The infection - caused by spirochetal bacteria known as Borrelia miyamotoi - was detected in 21 percent of 14 patients with unexplained summertime febrile illness, 3 percent of 273 patients with Lyme disease (or suspected Lyme disease), and 1 percent of 584 healthy people from areas endemic for Lyme disease.
This study is one of a few which offer the indication that infection with Borrelia miyamotoi in North America is less common than its well-known more distantly related relative, Borrelia burgdorferi, the spirochete which causes Lyme disease.
It's estimated 2-3,000 people* in the United States may be infected with Borrelia miyamotoi annually - but due to it being an emerging infectious disease which is difficult to diagnose, how common it is and will be in the future remains to be seen.

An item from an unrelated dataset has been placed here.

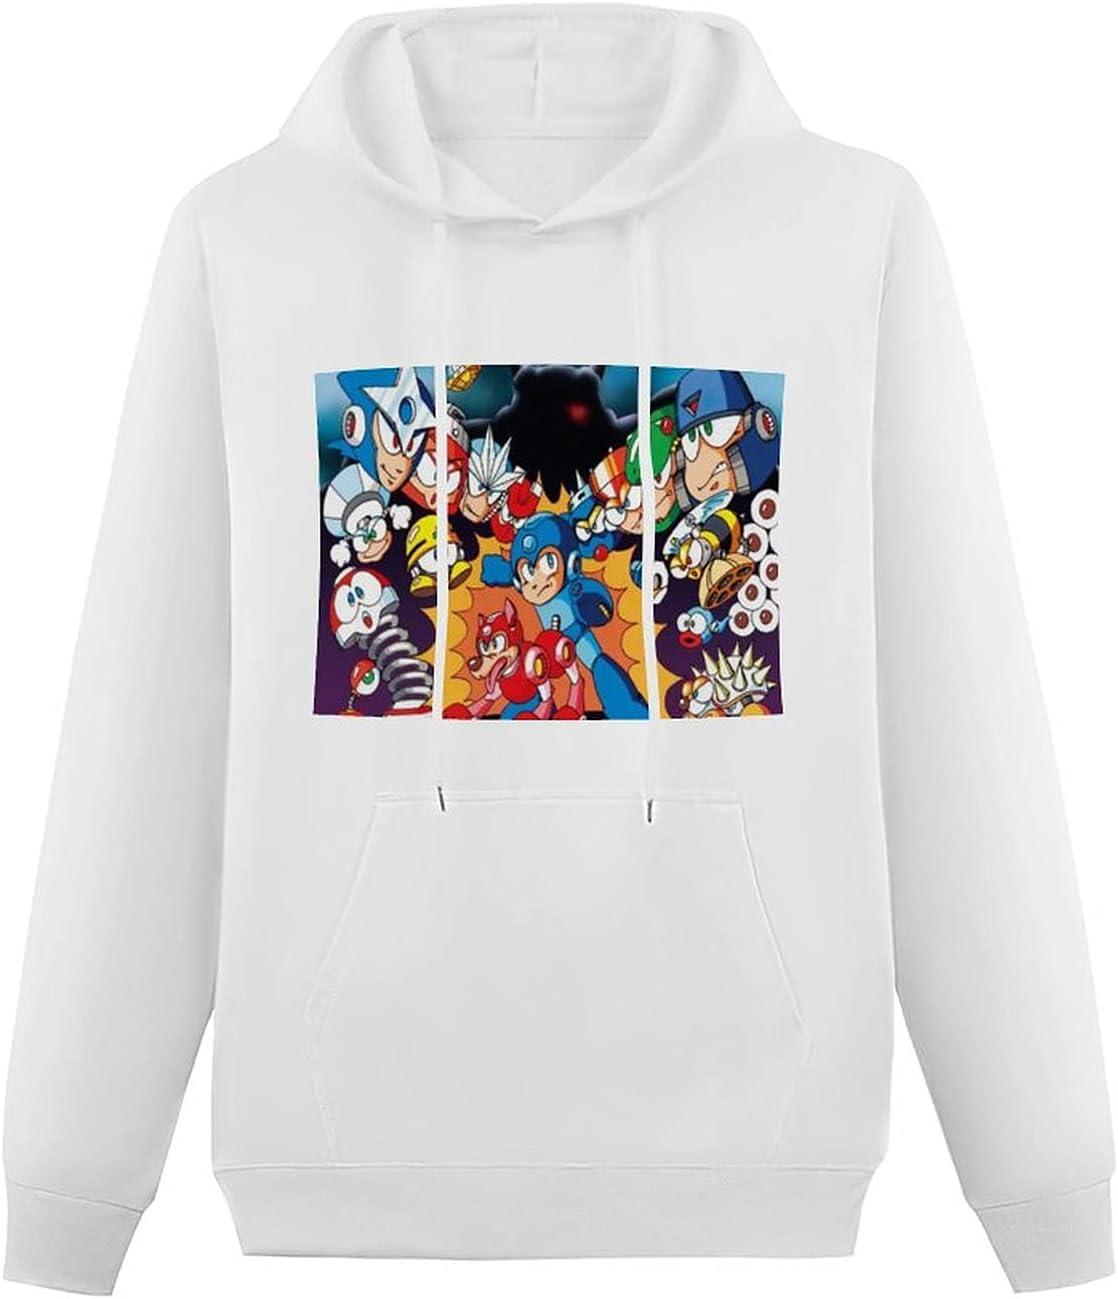 Centiza Mega-Man store Mega Man Boys New arrival and Swe Hoodie Girls Hooded Teens

In surveillance studies, anywhere from 1-16% of Ixodes scapularis ticks have been infected with Borrelia miyamotoi, depending on the region. This is about the same percentage range of Ixodes ticks which are infected with Borrelia miyamotoi in Russia and Western Europe.

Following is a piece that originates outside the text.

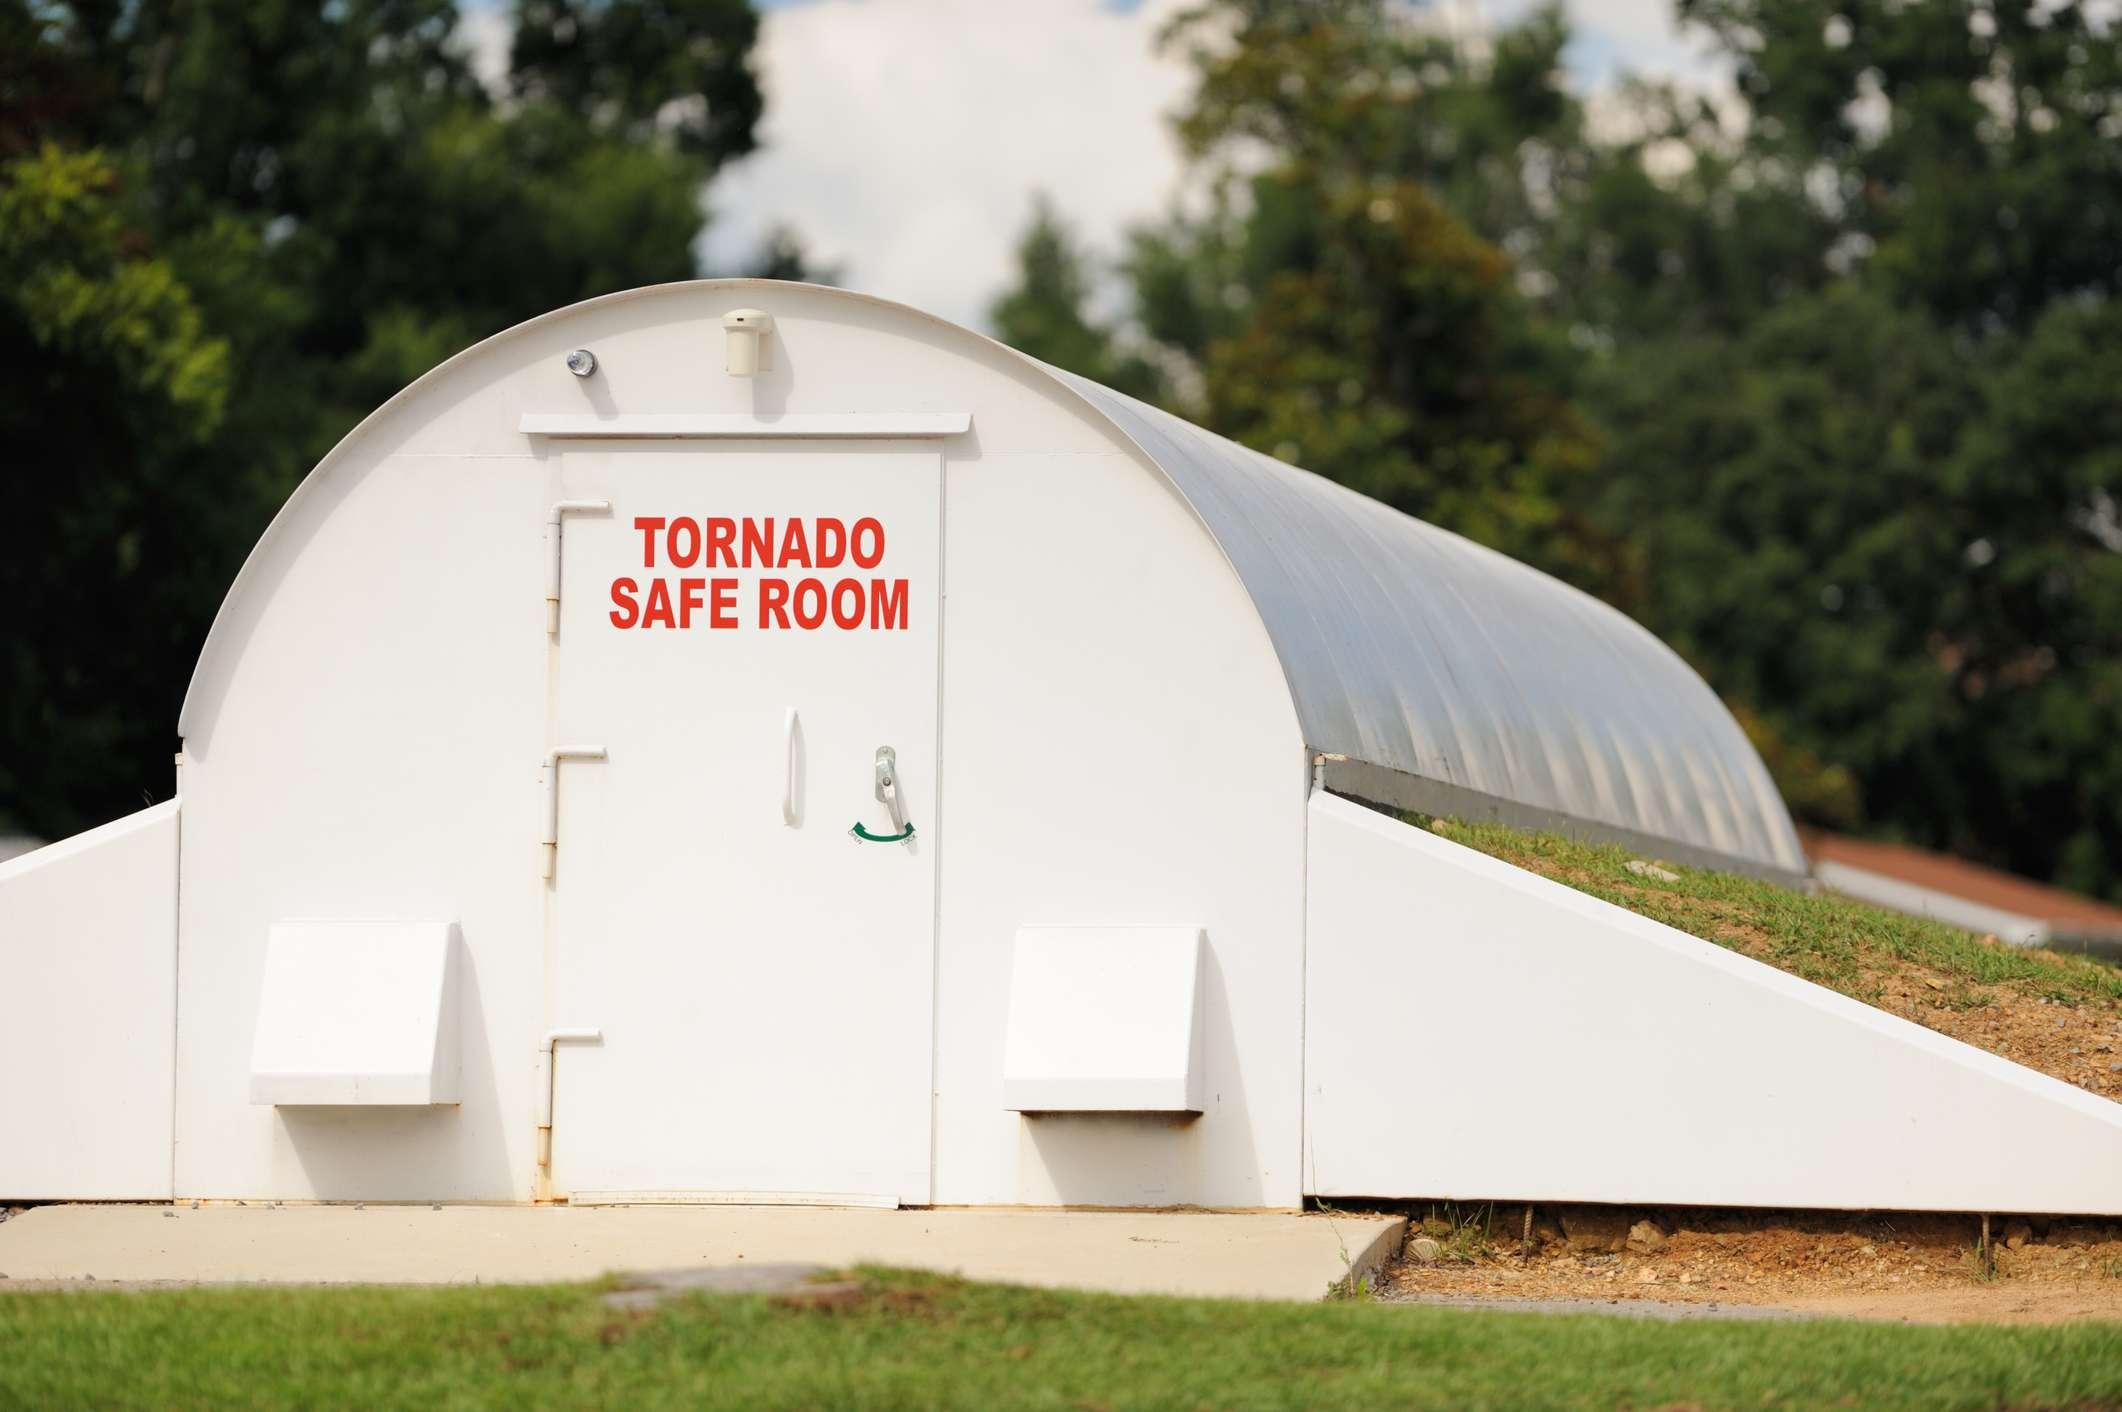 Tornado safe room version 2

In North America, Ixodes ticks infected with Borrelia miyamotoi have been found in the northeastern US, midwest, west coast, and Canada.
How Borrelia miyamotoi infection differs from Lyme disease
Clinically speaking, an infection with B. miyamotoi has symptoms which overlap those of Lyme disease. They include fever, muscular aches and pains, joint aches, chills, sweats, vomiting (sometimes), headaches and fatigue, with a small portion also developing a rash such as with Lyme disease. Also, symptoms can be more severe than those found in Lyme disease and some patients may require treatment in a hospital.

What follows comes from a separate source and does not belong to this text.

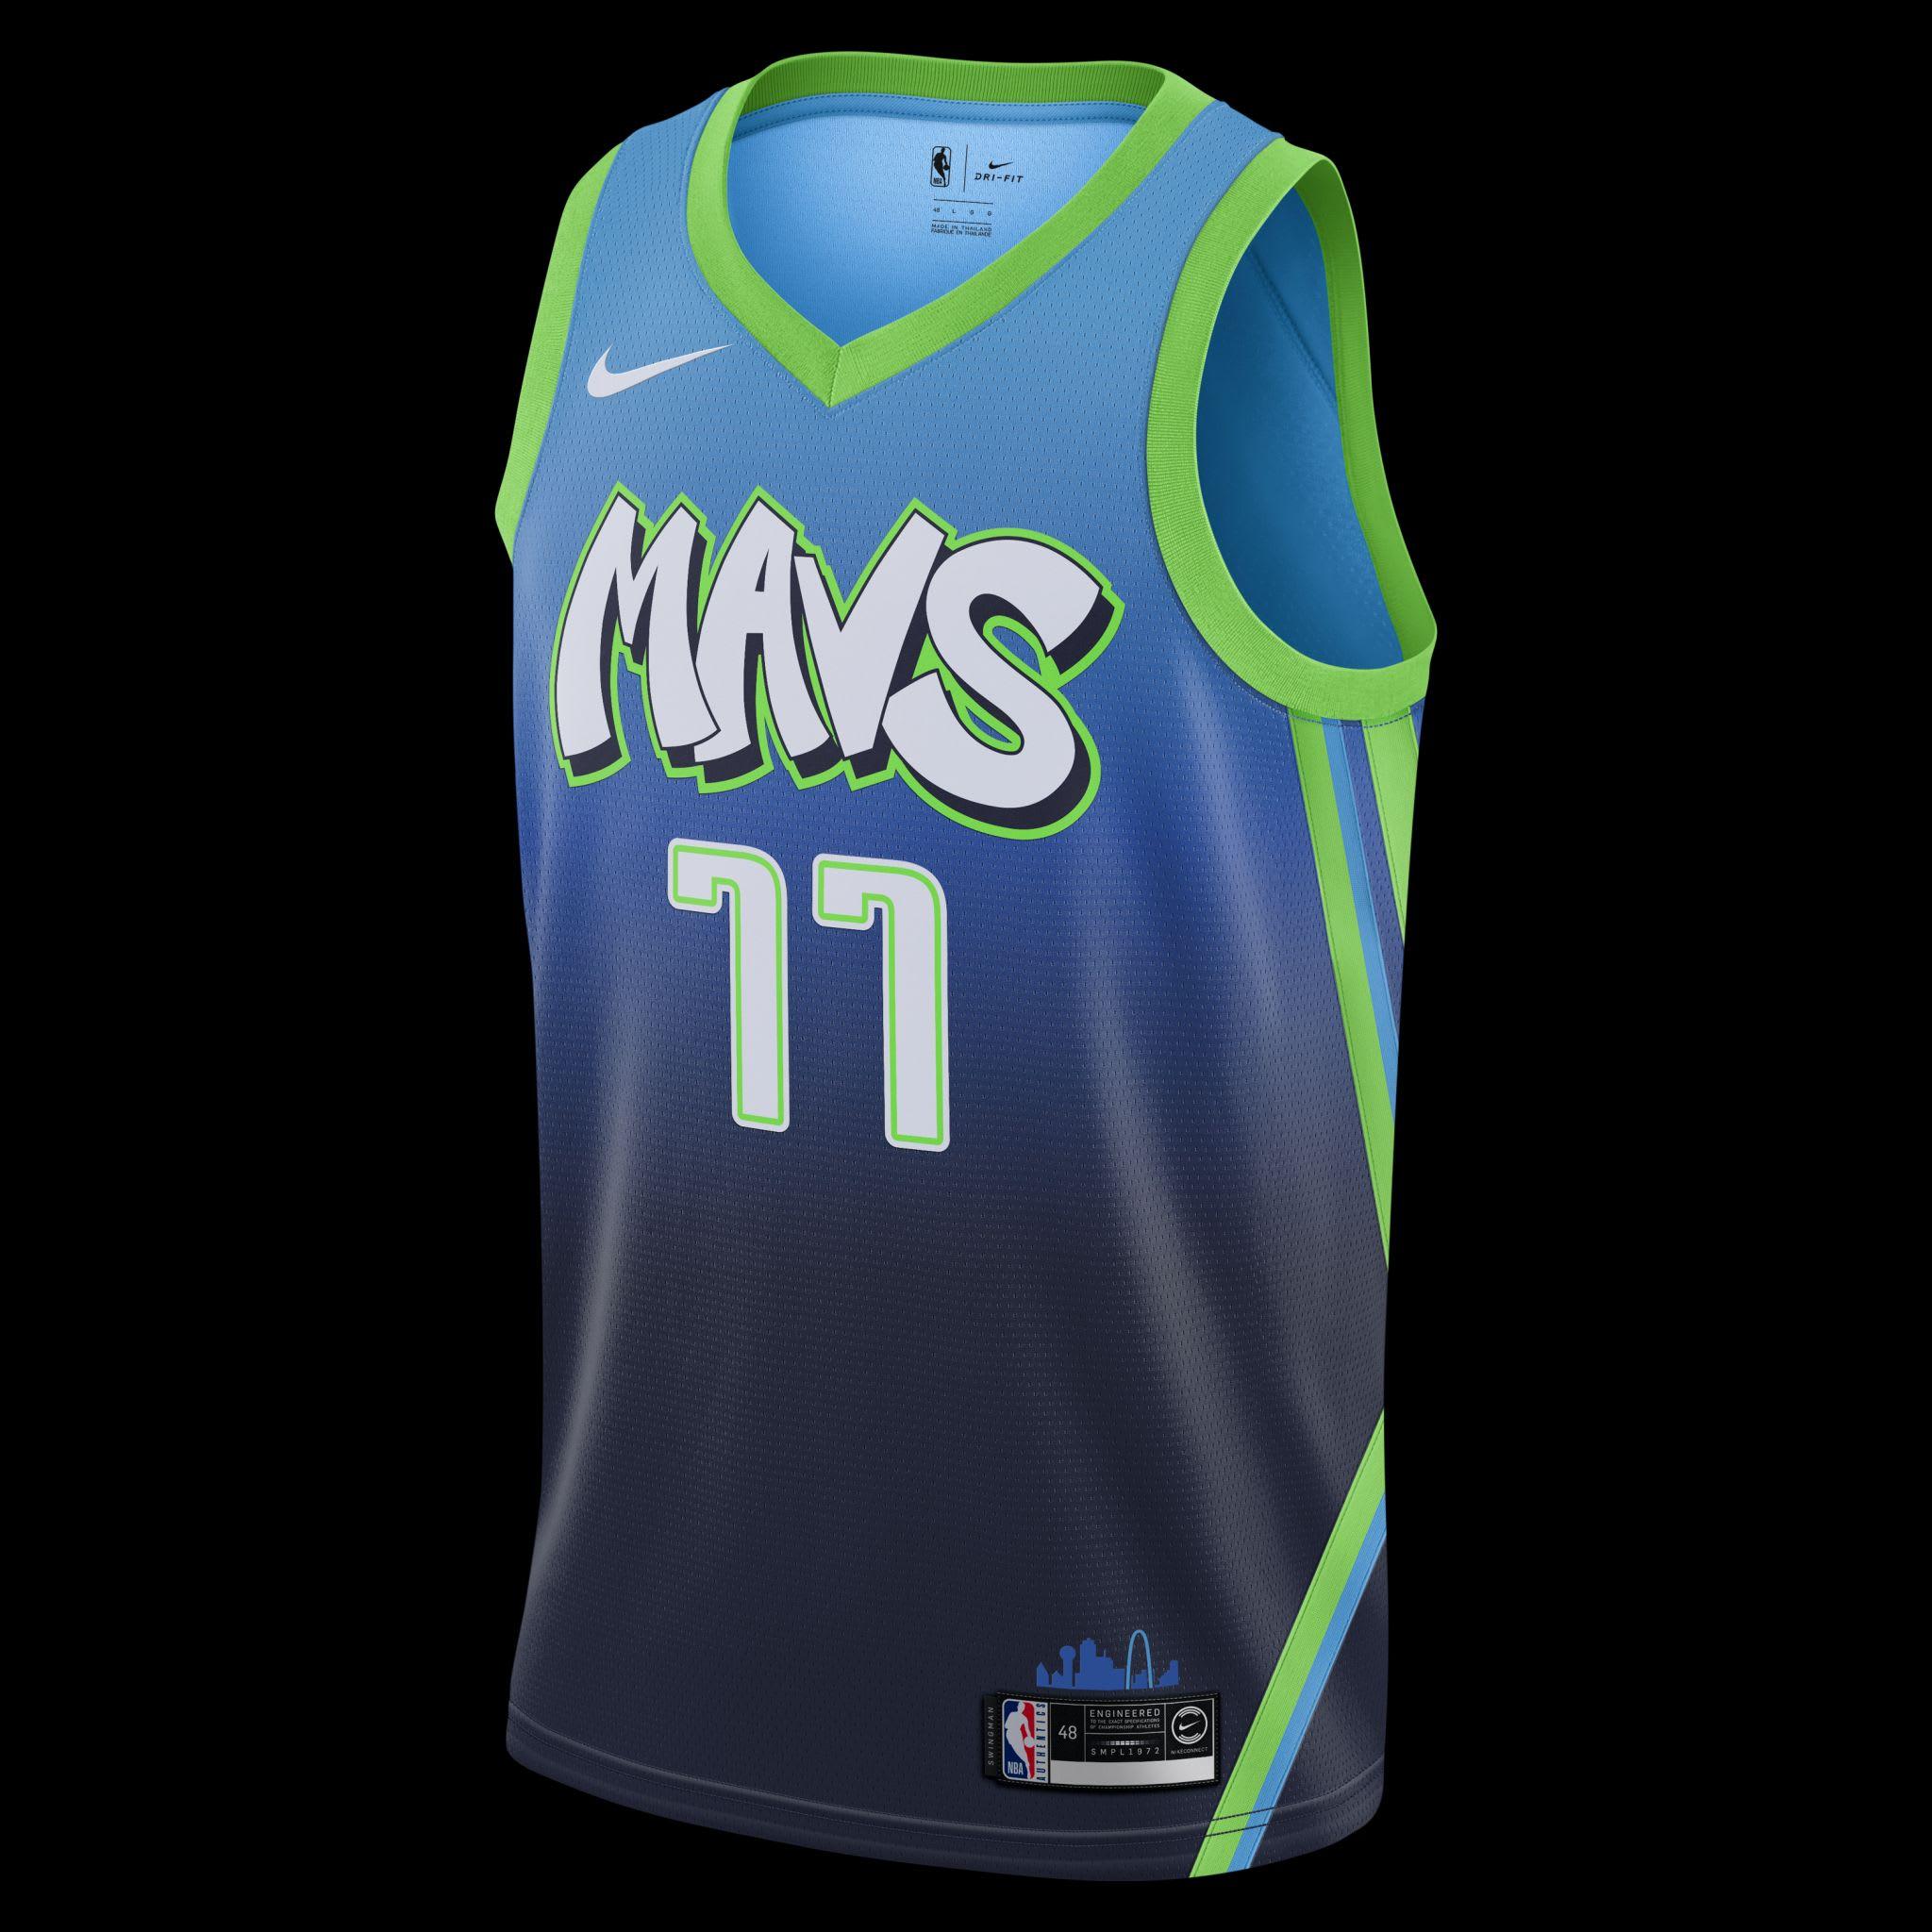 dallas mavericks nike jersey

The two most striking differences between B. miyamotoi infections and Lyme disease?
Usually there isn't a rash - the exact opposite of Lyme disease. One Russian study stated that more than 50% of patients documented with the disease did not have a characteristic rash. According to Dr. Peter Krause, only 10-15% of patients get a rash and it is usually smaller than those seen in Lyme disease.
Sometimes, people get cycling, spiking fevers. Studies demonstrated that some patients had episodes of high spiking fevers which occurred days or one to two weeks apart. These cyclical fevers and the lack of a rash map closely to symptoms found in relapsing fever - a spirochetal disease which is usually transmitted by soft-bodied ticks.
Here is an example of two patterns of fever and symptoms found in patients studied in Russia [pdf]:
|Graph From: Humans Infected with Relapsing Fever|
Spirochete Borrelia miyamotoi, Russia
Emerg Infect Dis. 2011;17:1816-1823
Later stages of infection
Not much is known about later stages of infection with B. miyamotoi. This is because its study in human and animal hosts is relatively new, having been discovered only in 1995 in Japan.
However, one could potentially extrapolate how B. miyamotoi will behave after initial infection by looking at research on its genetically closest living relatives which are also relapsing fever spirochetes.
Borrelia miyamotoi's closest living relatives appear to be Borrelia hermsii and Borrelia lonestari.
Image from: Typing of Borrelia Relapsing Fever Group Strains.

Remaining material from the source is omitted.